At the risk of being redundant, it is worth repeating that the US quite happily supported Osama bin-Laden and his murderous ilk when both were pursuing anti-Soviet objectives during the 1980s; it was during this time that Uncle Sam was also supporting Saddam Hussein, in the hope that his secular, if autocratic, regime could stem the tide of the Iranian revolution.11
Back in the imperial “homeland,” Chapman’s (not to mention Bush’s) outraged formulation ignored rampant poverty, authoritarianism, class rule, powerlessness, racial inequality, mass incarceration, depression, oppression, and misery. It evaded the epidemic negation of freedom and democracy in a savagely unequal and plutocratic land, where the top 1 percent owns more than 40 percent of the wealth and possibly an even higher percentage of its politicians and policymakers. It equally ignored related connections between the suffering experienced by people outside America thanks to American policies and America’s hyperconsumerist, ultimately ecocidal “way of life.”12
My cynicism was complemented by a certain naivetĂ©, which came in the form of an initial hope that the September 11th terror attacks would provide an opportunity for Americans to honestly confront our domestic and related foreign policy records. A chance, perhaps, to stand down our entrenched psychic and ideological defenses—to understand how and why we cause ourselves and others pain, why millions across the world resent us (many to the point where they could applaud 9/11), and how we might stop the vicious circle of injury at home and abroad. Nine-eleven, I wanted to believe, might initiate a process by which we jettisoned our manufactured ignorance and innocence about how much harm our policymakers and our “democratic American System, capitalism” (as Tom Brokaw described the dominant authoritarian US system of socioeconomic management and hierarchy on 9/11) have been causing others. Perhaps, I hoped, the tragedy would convince us to reevaluate our long-standing sense of special historical superiority to the rest of the world. Maybe the national drama would jolt Americans out of their hyperprivatized, commodified, and fragmented daily experience, replacing neo-liberal societal disintegration with a new sense of civic duty and public engagement.
Well, 9/11 was an opportunity all right, but it was seized primarily by the in-power Respectable Right, falsely termed “conservative,” to exacerbate existing tendencies of inequality, repression, empire, and thought control. It was a windfall for Bush and his authoritarian allies to increase the already outrageous overconcentration of wealth and power at home and abroad and to tar all who opposed this aristocratic agenda as “enemies of freedom” and allies of terrorism. It was used to divert attention and concern away from stunning socioeconomic and racial disparities, spiritual crisis, ecological collapse, declining societal health, chronic overwork, mass civic disengagement, soulless consumerism, and countless other problems that arise from the increasingly unchecked operation of the American System. It was used to privilege the right (repressive and militaristic) hand of the state over the left (social and democratic)—the police officer, prosecutor, and prison warden over the librarian, welfare worker, teacher, and lifeguard. It was exploited to help the White House assault the relevance of international law and the sanctity of America’s own justly prized commitment to civil liberties. It was used to shift the subject away from the need for true democracy, peace, and social justice, and to enable the ascendancy of a “belligerent nationalism” that constructs community on the basis of fear and mindless conformity rather than democratic possibility. It was used by “elites” to speed up the American public sector’s ongoing transformation into a repressive, neo-liberal “garrison state.”

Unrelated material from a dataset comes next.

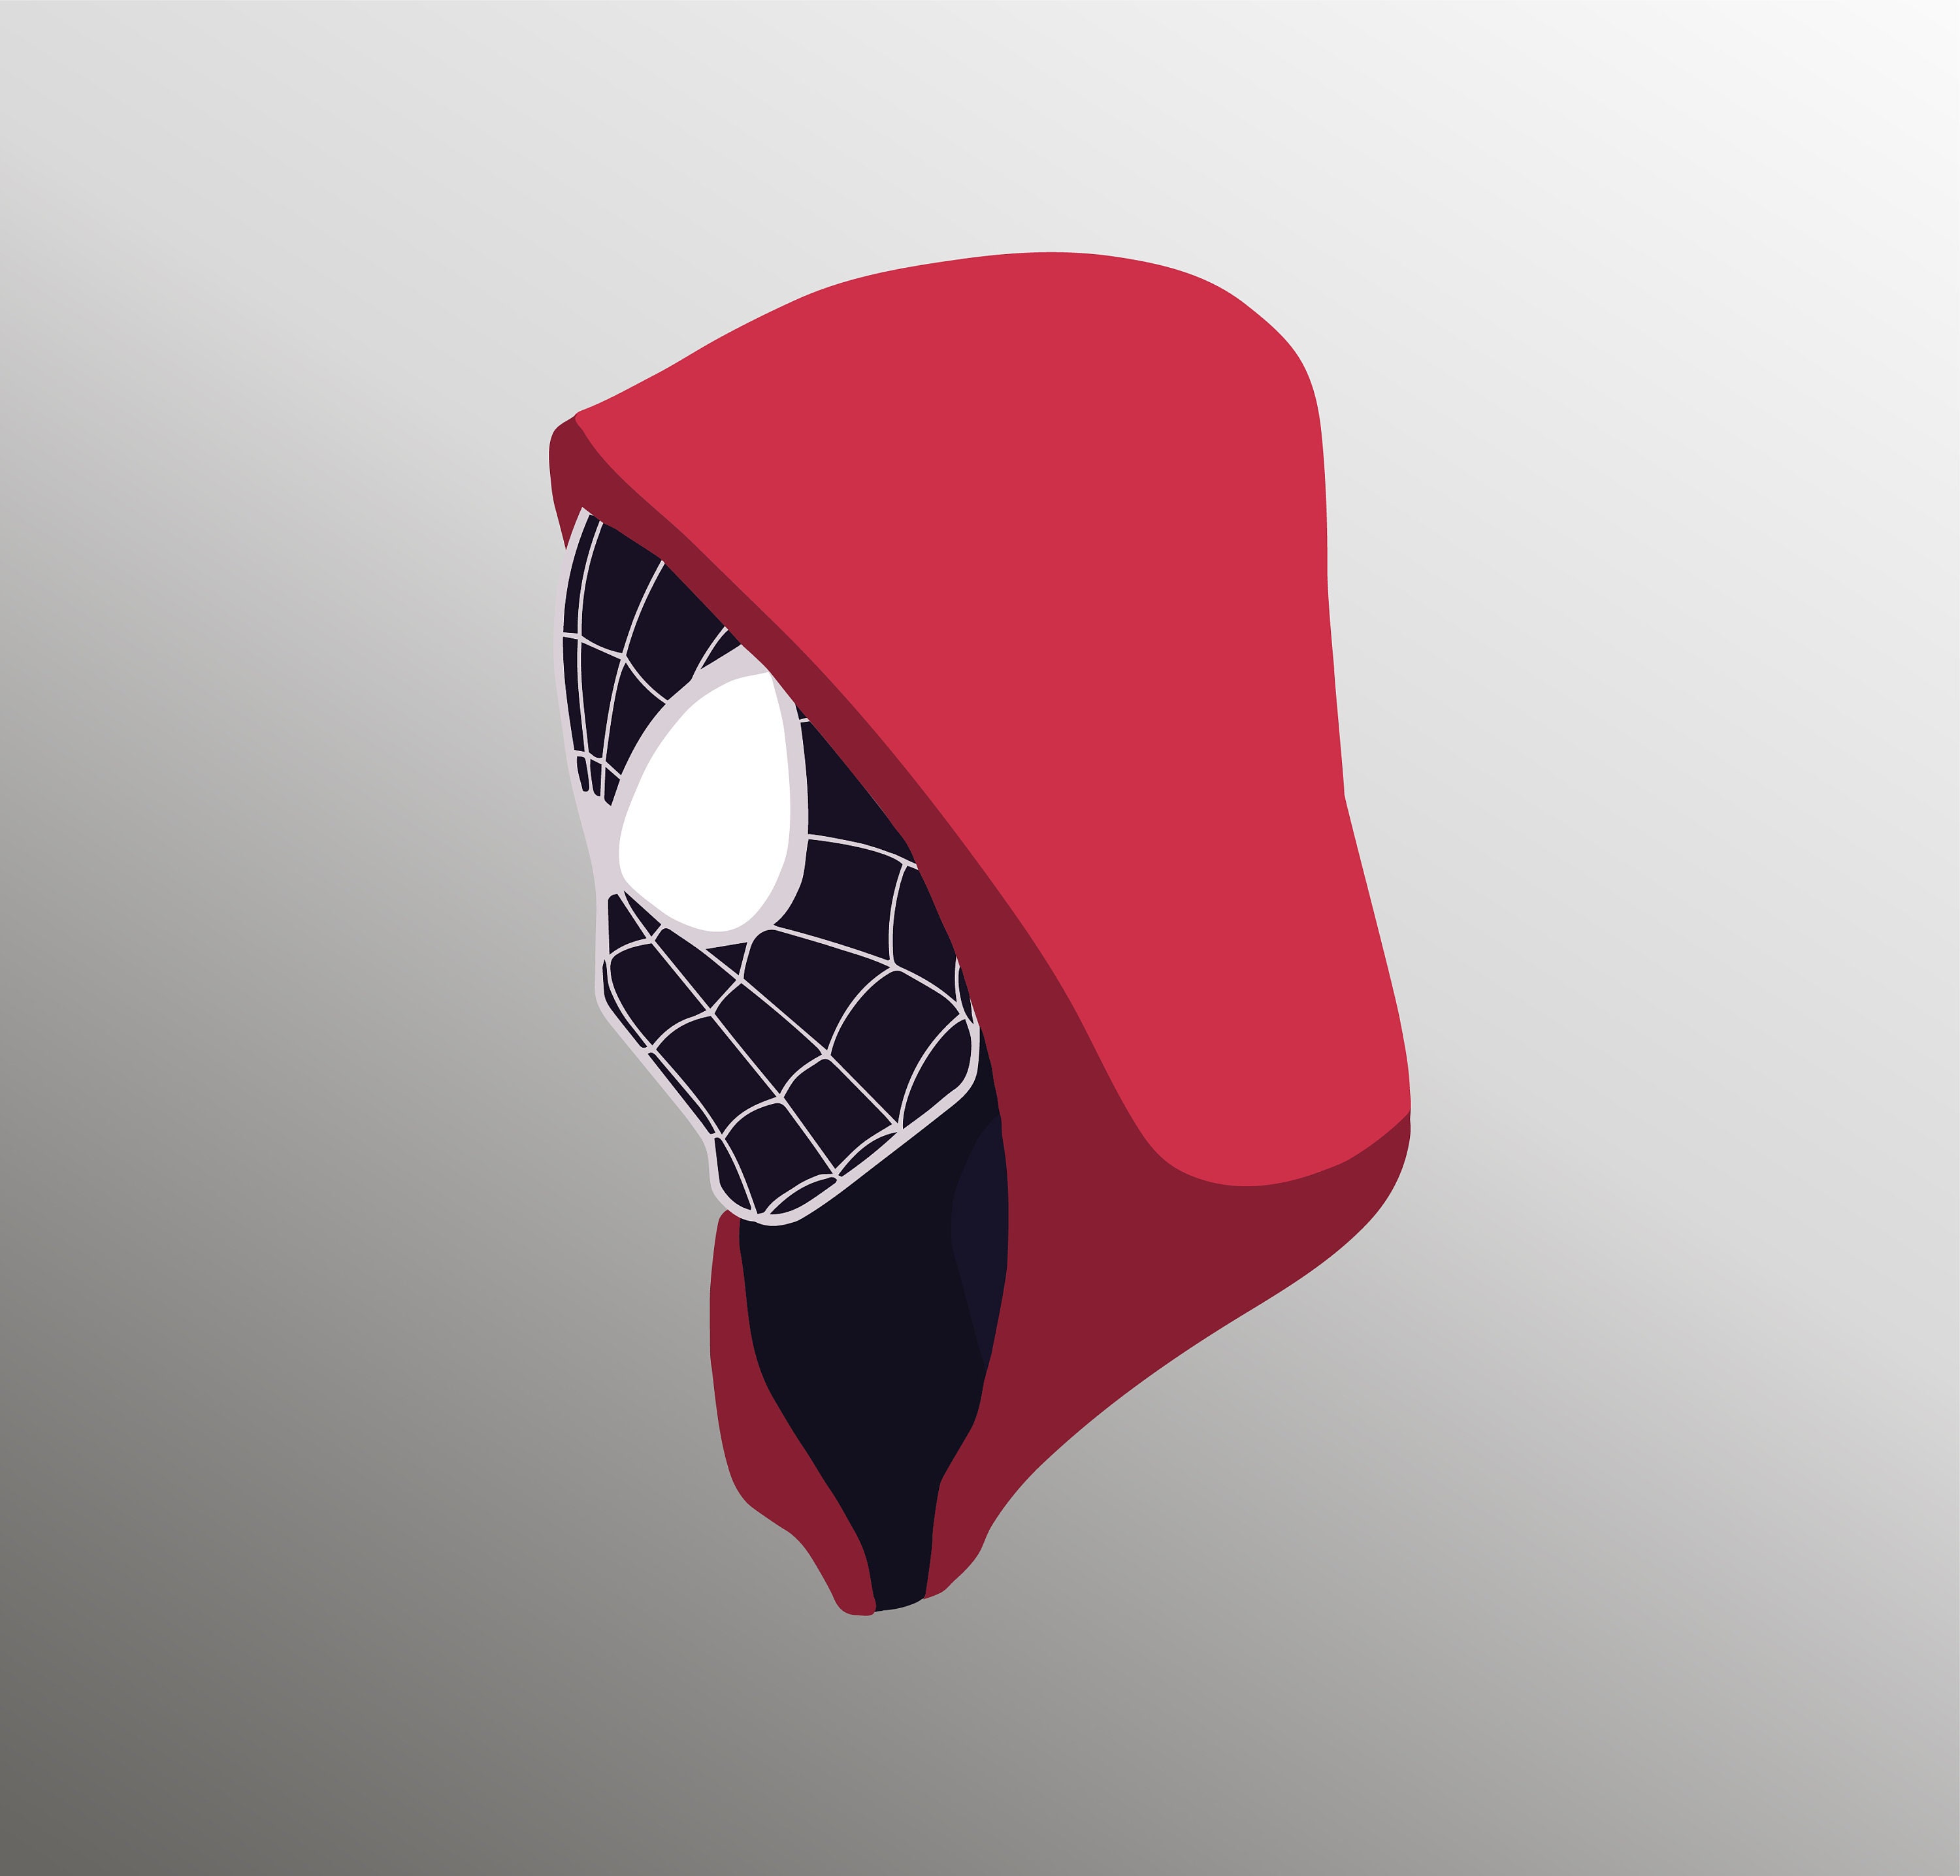 Miles Morales Costume Spider Man Sweatshirt à capuche pour enfants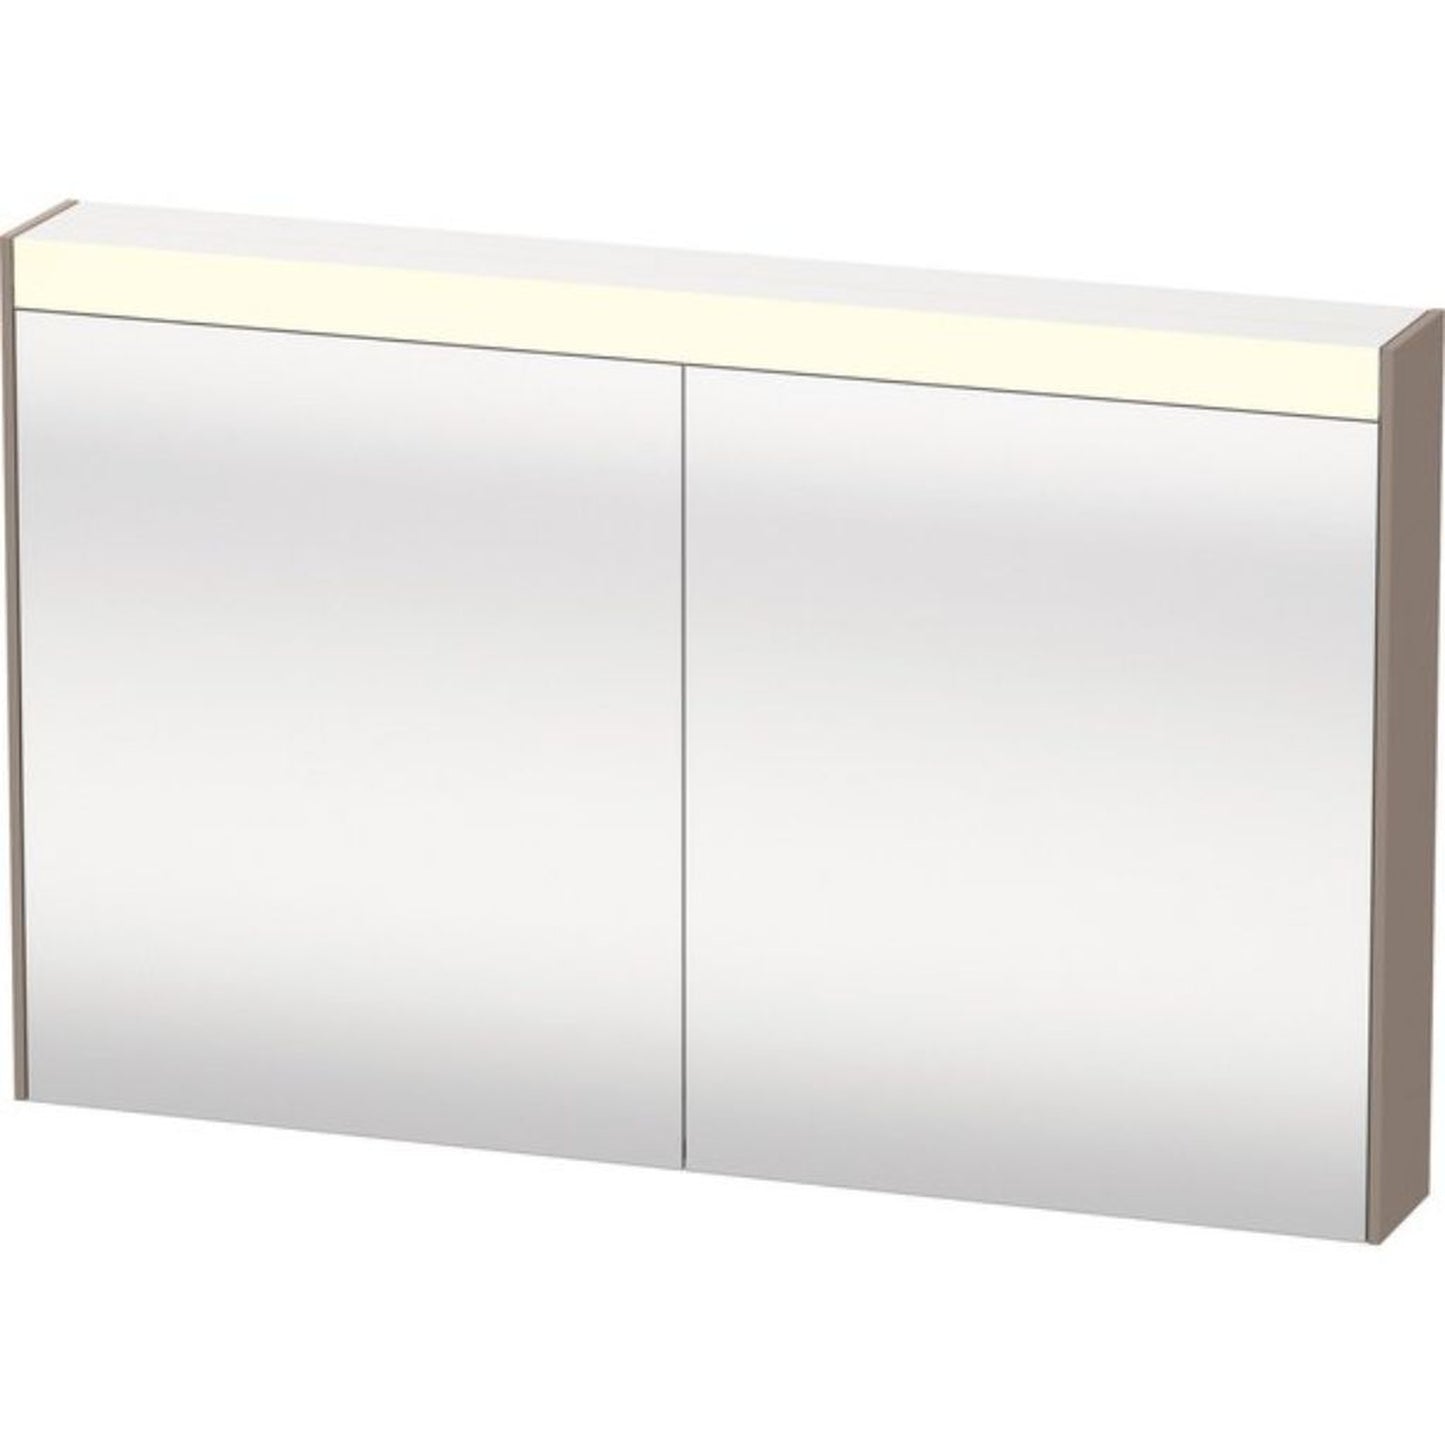 Duravit Brioso 40" x 30" x 6" Mirror Cabinet With Lighting Basalt Matt

This weak-left/strong-right state increasingly acts as little more than the authoritarian agent of capital’s dictates. It replaces compassion with repression and criminalizes and militarizes social problems that result from the deepening of socioeconomic and related racial inequalities at home and abroad.13 It conducts a massive transfer of wealth and power from social programs to the military, even as rising poverty and unemployment wreak havoc on American families and neighborhoods. It utilizes massive tax cuts to further transfer wealth from embattled middle- and lower-income groups to the rich.
The renewed “war on terrorism,” spawned in large measure by 9/11, has “functioned,” to quote Noam Chomsky writing about the Cold War in the early 1970s, as a “device for mobilizing support 
 for ventures that carry a significant cost, economic and moral.” As with the Cold War, in this new “war on terrorism” (the first one, proclaimed under Reagan, was designed and engineered by many of the same people conducting the current one), “the citizen must agree to bear the burdens of imperial wars and government-induced production of waste, a critical device of economic management.” He is “whipped into line by the fear that we will be overwhelmed by an external enemy if we let down our guard.”14
In the official public and mainstream (corporate) media version of this apparently permanent war, the virtuous, freedom-loving and benevolent United States engages in a noble effort to protect its own people—and indeed the world—from the scourge of terrorism. This is an inaccurate depiction of what is occurring and what is at stake. The reality is that the Bush administration and its superprivileged clients and allies, who control the world’s leading military and inc...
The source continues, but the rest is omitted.